Alors qu'une tempête se lève sur la baie de Mor braz, une jeune femme restée à Belle île s'inquiète pour son fiancé parti en mer pêcher la sardine. Elle se rend au phare s'enquérir de la météo, mais les gardiens ne sont guère rassurants. Sa grand-mère lui parle alors des temps jadis où les siffleurs de vent étaient capables de calmer les tempêtes. Un vieil homme de l'île, le père Floch, était dit-on l'un de ces tempestaires. La jeune fille se rend chez lui et le supplie d'avoir une dernière fois recours à sa magie...

Analyse et critique

Si Jean Epstein s'est trouvé peu à peu repoussé à la marge du cinéma - que ce soit à cause de l'insuccès de ses films ou le fruit d'une démarche volontaire - la guerre marque un véritable arrêt dans sa carrière. A cause de leur nom et de leur origine polonaise, les Epstein sont rapidement suspects aux yeux de l'occupant et de la police française qui brille alors étonnamment pour son efficacité. Jean est ainsi radié de la profession cinématographique sur décision de la préfecture de police et n'a plus l'autorisation de tourner. Il s'installe avec sa sœur en France libre et travaille pour la Croix-Rouge, au service de l'aide aux prisonniers. Le domicile familial de Viroflay (dans les Yvelines) est confisqué et pillé par les Allemands, et Jean et sa sœur Marie son arrêtés par la Gestapo, échappant de peu à la déportation grâce à l'intervention de la Croix-Rouge.

Après la Libération, Epstein donne des cours à l'IDHEC et écrit de nombreux articles et des livres où il développe et enrichit ses réflexions sur le cinéma, le plus notable étant le passionnant Intelligence d'une machine en 1946, texte qu'il complète et enrichit en 1947 avec Le Cinéma du Diable.

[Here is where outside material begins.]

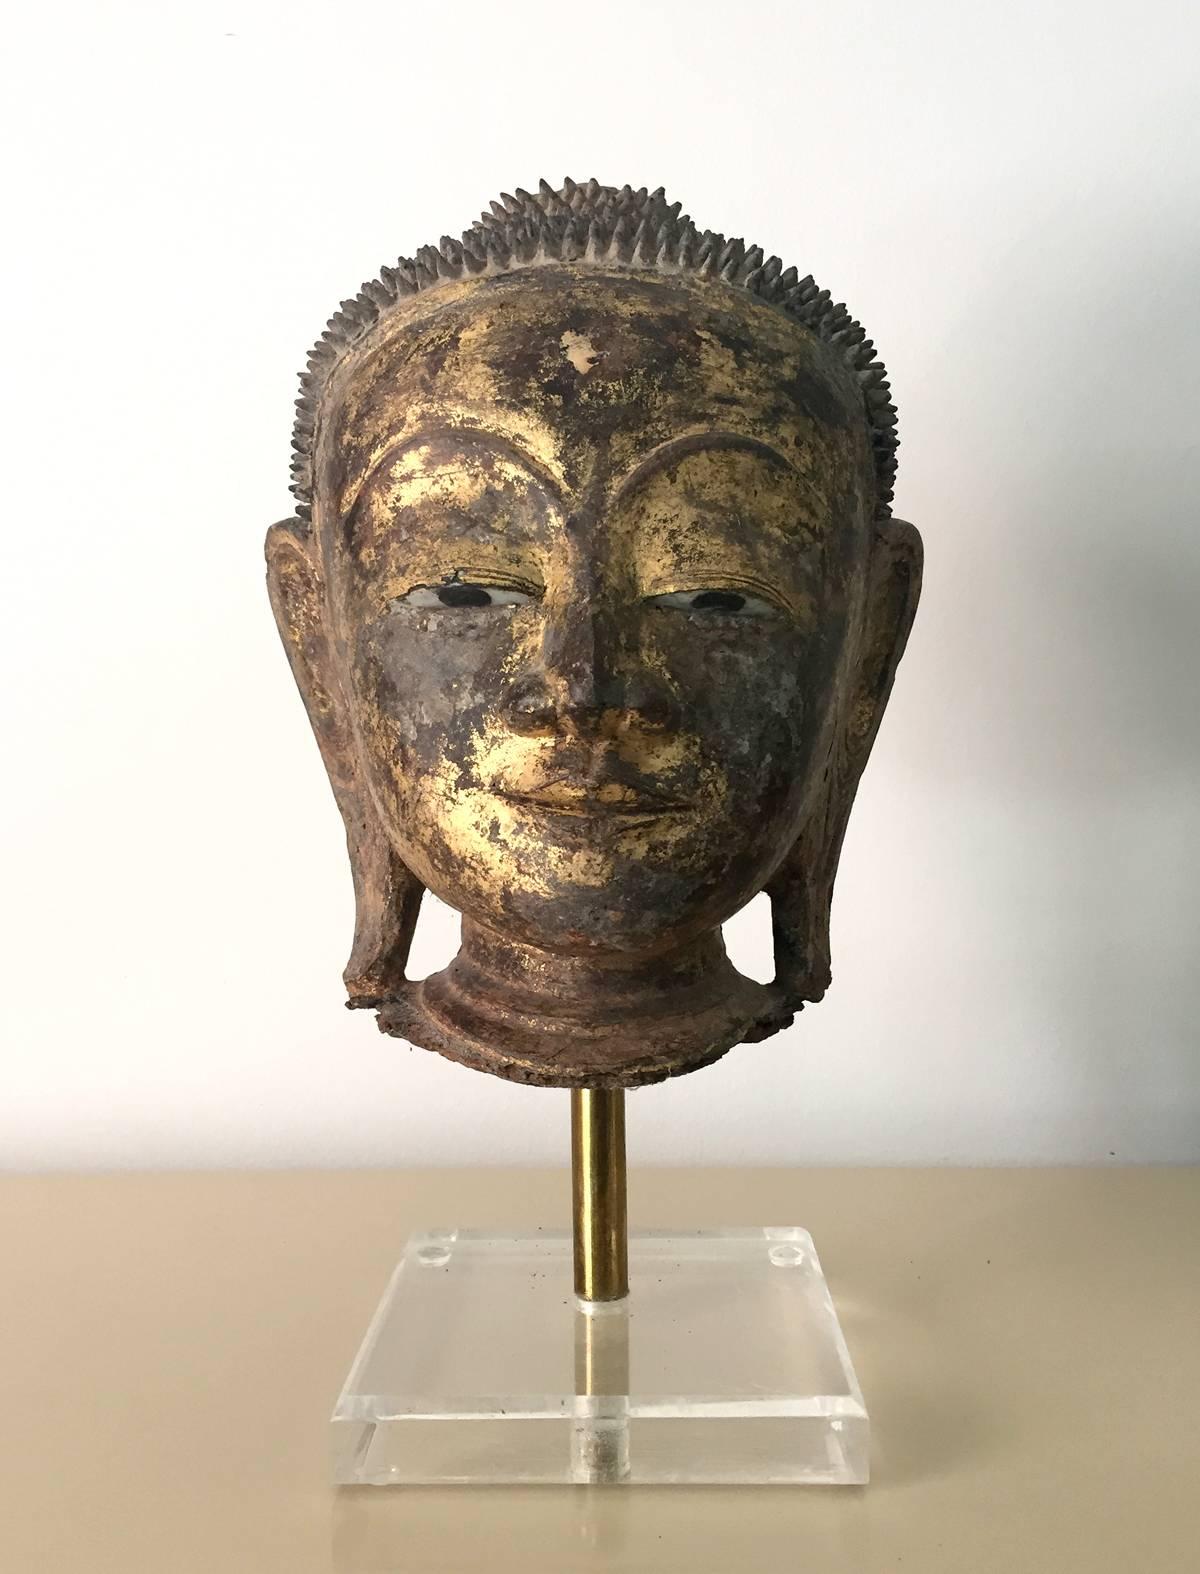 An gilt and lacquered wood Buddha head with displayed on a metal and Lucite stand. stunning presence with its refined features and amazing details. The carving is of exquisite quality. The eyes were inlaid with contrasting marbles. The icon features

La même année, il fait son retour derrière la caméra avec la réalisation du prologue de La Bataille de l'eau lourde de Jean Dréville et c'est également en 1947 qu'il revient en Bretagne et qu'il peut s’atteler à la réalisation du Tempestaire, projet qu'il caresse depuis longtemps mais qui n'a pu voir le jour à cause de la guerre. Dès la Libération, Epstein a essayé de monter ce film, mais sans succès, aucun producteur ne s'intéressant alors à ce projet. C'est finalement grâce au soutien du fidèle Nino Constantini que le film peut se faire, son acteur du Double amour et de Mauprat ayant monté sa société de production Film-Magazine. Constantini montre le scénario à Bluette Christin-Falaize, propriétaire de la maison de distribution Le Trident, qui est emballée. L'association entre la petite maison de production et le distributeur permet à Epstein de tourner ce film qu'il traîne dans sa besace depuis dix ans.

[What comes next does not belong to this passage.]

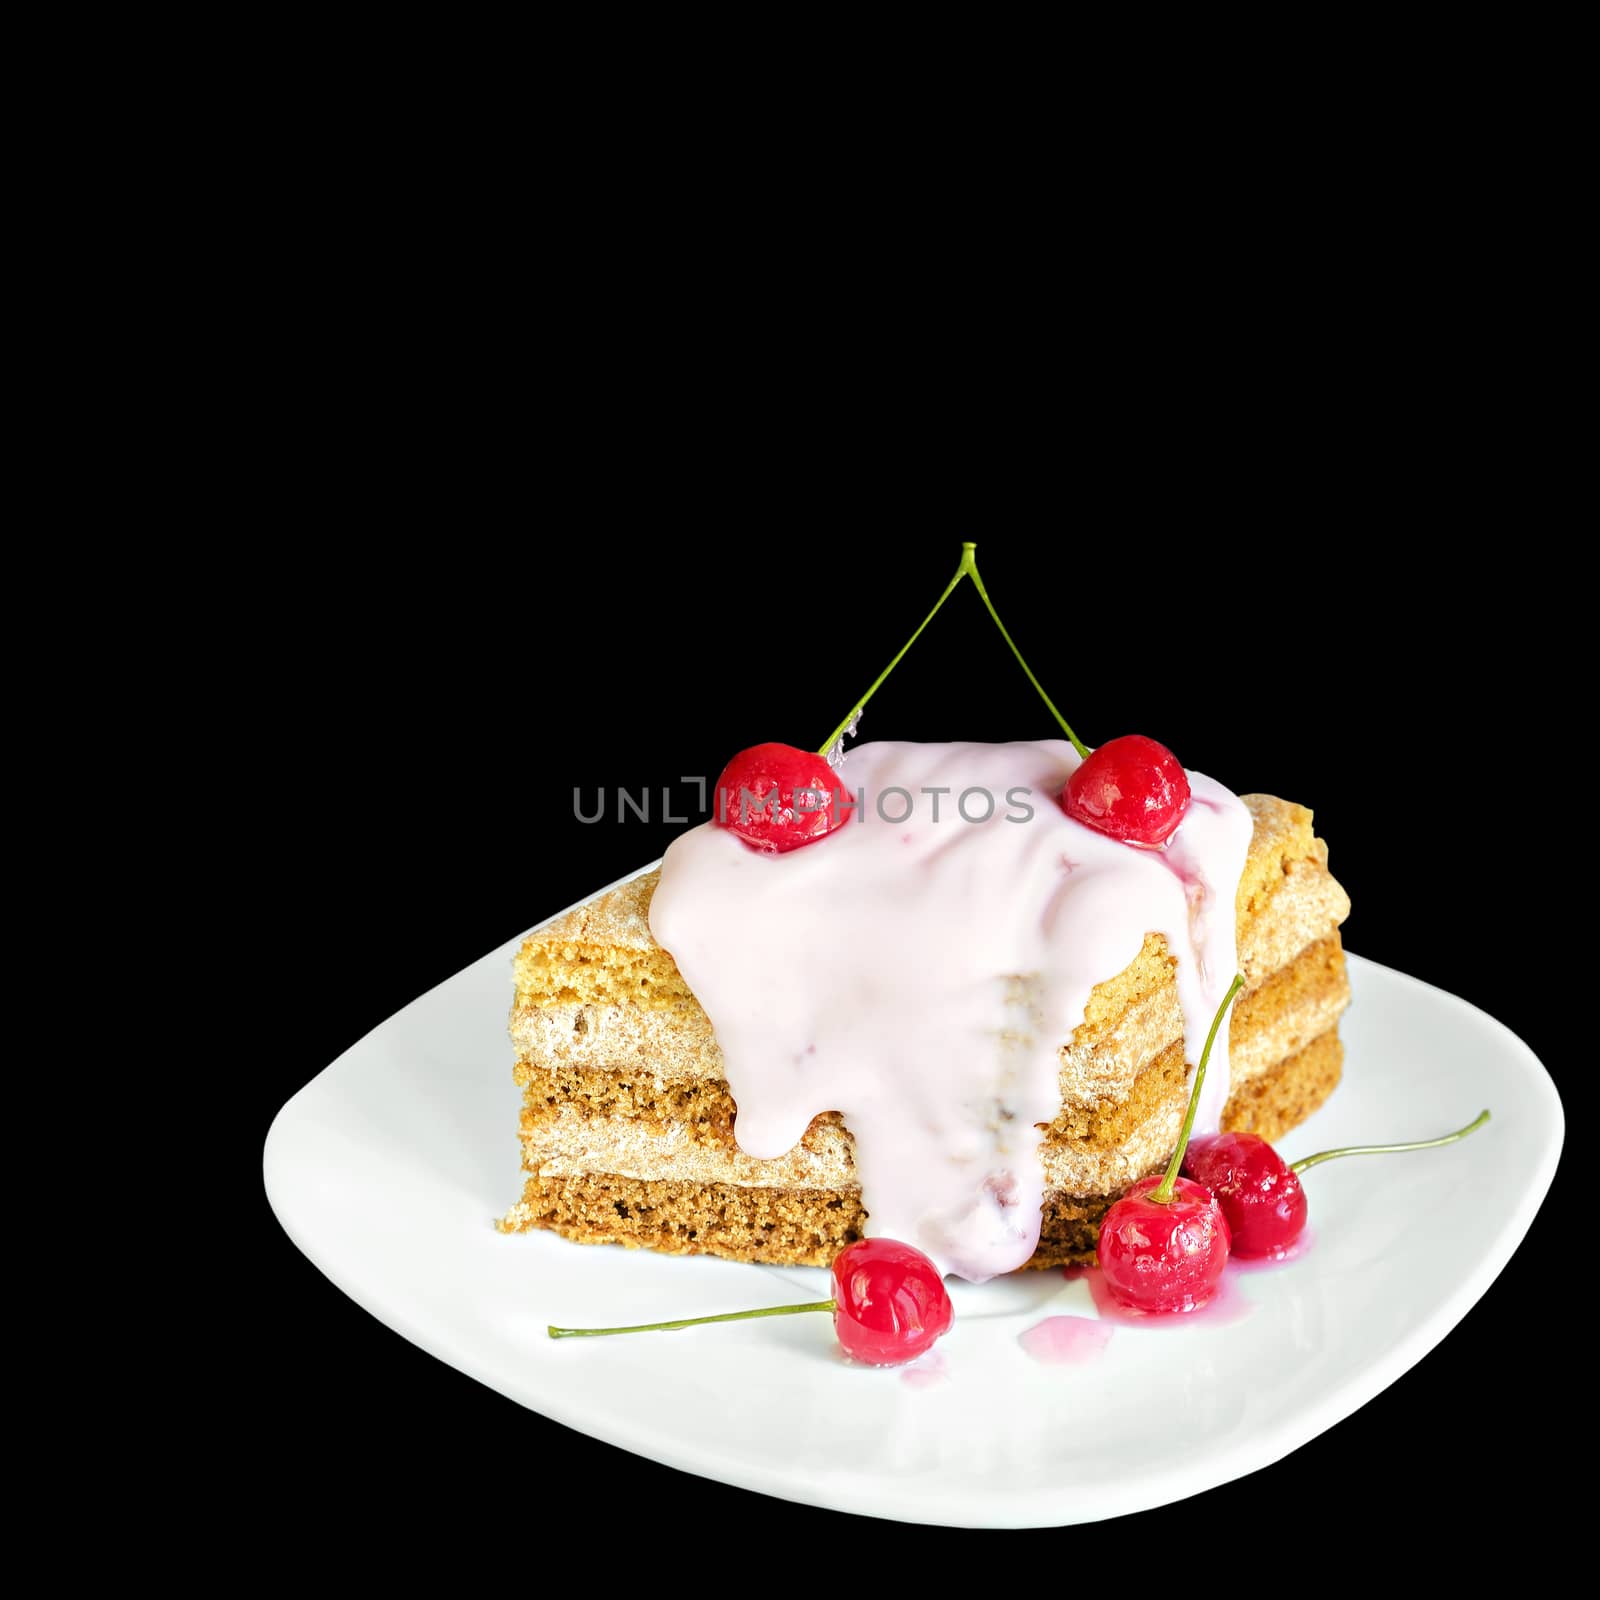 Piece of cake with cherries and yogurt on a plate, isolated on black background

« Le dernier cadeau de Jean Epstein au cinéma c’est Le Tempestaire où il y a le ralenti du son dont personne n’a profité à l’heure actuelle... voici un chef-d’oeuvre qui préfigure l’avenir, un homme en pleine possession de ses moyens, plus jeune que bien des jeunes... et on a laissé cet homme sept ans sans travailler... Mais Epstein n’habitait pas Passy, ce n’était pas un homme à la mode ; il était trop vivant pour accepter de se momifier... il est mort bâillonné sans pouvoir s’exprimer, alors qu’il était plein de choses à dire, à nous apprendre... » dira Henri Langlois dans son imposant dossier consacré au cinéaste et publié dans Les Cahiers du cinéma en 1953.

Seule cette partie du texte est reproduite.